What was Obama's endgame on his O'Reilly interview?


What was he thinking?  President Obama was on Fox News being interviewed with Bill O'Reilly hours before the Superbowl.  I get why Fox News did it, it helps the prominence of their most prominent and highly successful news talk show, The O'Reilly Factor.  O'Reilly isn't always solidly conservative, but he is at least willing to ask questions that most of the media will avoid with this president.  So Obama going into the interview had to know it was not going to be a softball interview.  So why do it?  Three years ago he did a Superbowl interview with O'Reilly but that was 2011.  Obama had just lost a big election and was trying to damage control and regain credibility/approval with some non-liberal voters who might still be his supporters and who happened to watch Fox News.  It made him seem reasonable.  But this is 2014 and the sides have been chosen.  He wasn't going to likely soften his image amongst his detractors without striking a very conciliatory tone on a number of issues.

But that's not really his style.  Obama doesn't like being questioned, and he doesn't think he's ever wrong, so the interview would not only be challenging, it would be contentious.  Obama had to know that going in.

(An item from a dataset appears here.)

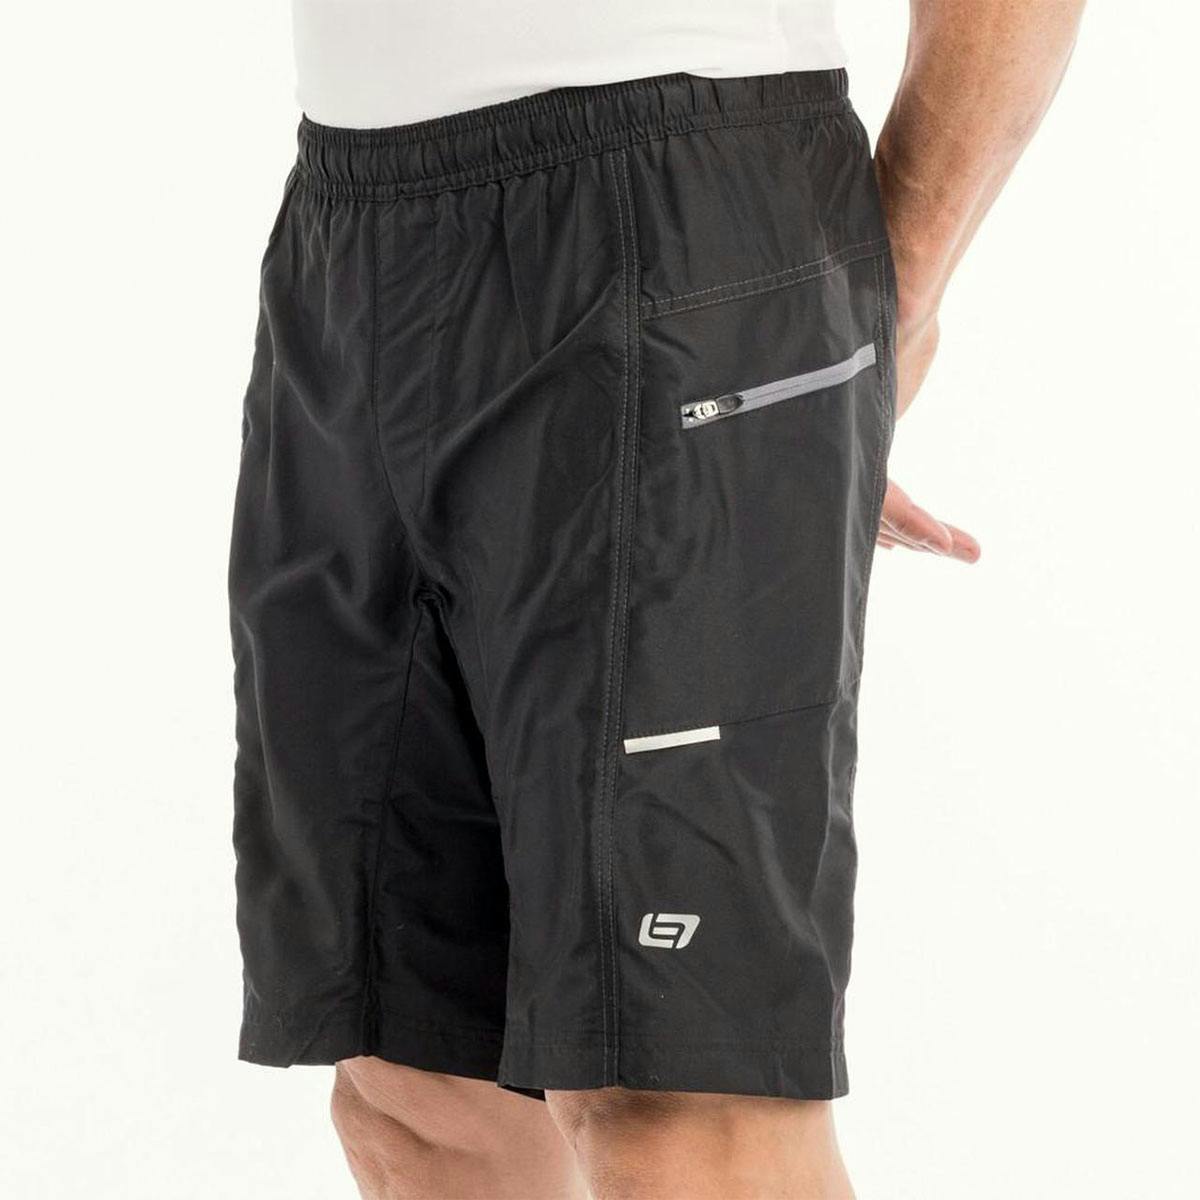 Bellwether Men's Ultralight Gel Baggies Cycling Shorts - Black - Small

So if he were not to be conciliatory, he'd have to hold himself in check and be gracious.  Not only did that not happen, he went on offense.
O'REILLY: All right.

Was it the biggest mistake of your presidency to tell the nation over and over, if you like your insurance, you can keep your insurance?

OBAMA: Oh, Bill, you've got a long list of my mistakes of my presidency...
There was a testy exchange as well on the IRS targeting Tea Party groups:
O'REILLY: OK, so you don't -- you don't recall seeing Shulman, because what some people are saying is that the IRS was used...

OBAMA: Yes.

O'REILLY: -- at a -- at a local level in Cincinnati, and maybe other places to go after...

OBAMA: Absolutely wrong.

O'REILLY: -- to go after.

OBAMA: Absolutely wrong.

O'REILLY: But how do you know that, because we -- we still don't know what happened there?

OBAMA: Bill, we do -- that's not what happened. They -- folks have, again, had multiple hearings on this. I mean these kinds of things keep on surfacing, in part because you and your TV station will promote them.
When he wasn't going on the offense he seemed, well, annoyed:
O'REILLY: -- I'm just confused.

OBAMA: And I'm -- and I'm trying to explain it to, if you want to listen. The fact of the matter is is that people understood, at the time, something very dangerous was happening, that we were focused on making sure that we did everything we can -- could -- to protect them. In the aftermath, what became clear was that the security was lax, that not all the precautions and -- that needed to be taken were taken and both myself and Secretary Clinton and others indicated as much.
What was Obama's end game taking a combative approach with O'Reilly? To reach out to lost voters  Clearly not, or else his execution was abysmal, even too abysmal for him.  Was it to energize his base - who believe he's been too conciliatory? His base doesn't watch Fox, but even if they catch the excerpts on MSNBC, they aren't going to cheer-lead him for taking a tough stance against a political enemy.  They expect that of him.  Was her trying to win over conservatives? Don't even bother asking that one.  Really, there wasn't an end game with this, which is about par for the Obama course.

Yes, it's become a tradition for Obama to interviewed by the host network on Superbowl Sunday, but it doesn't need to be a carved in stone tradition.  It would have served Obama more to have cancelled the interview.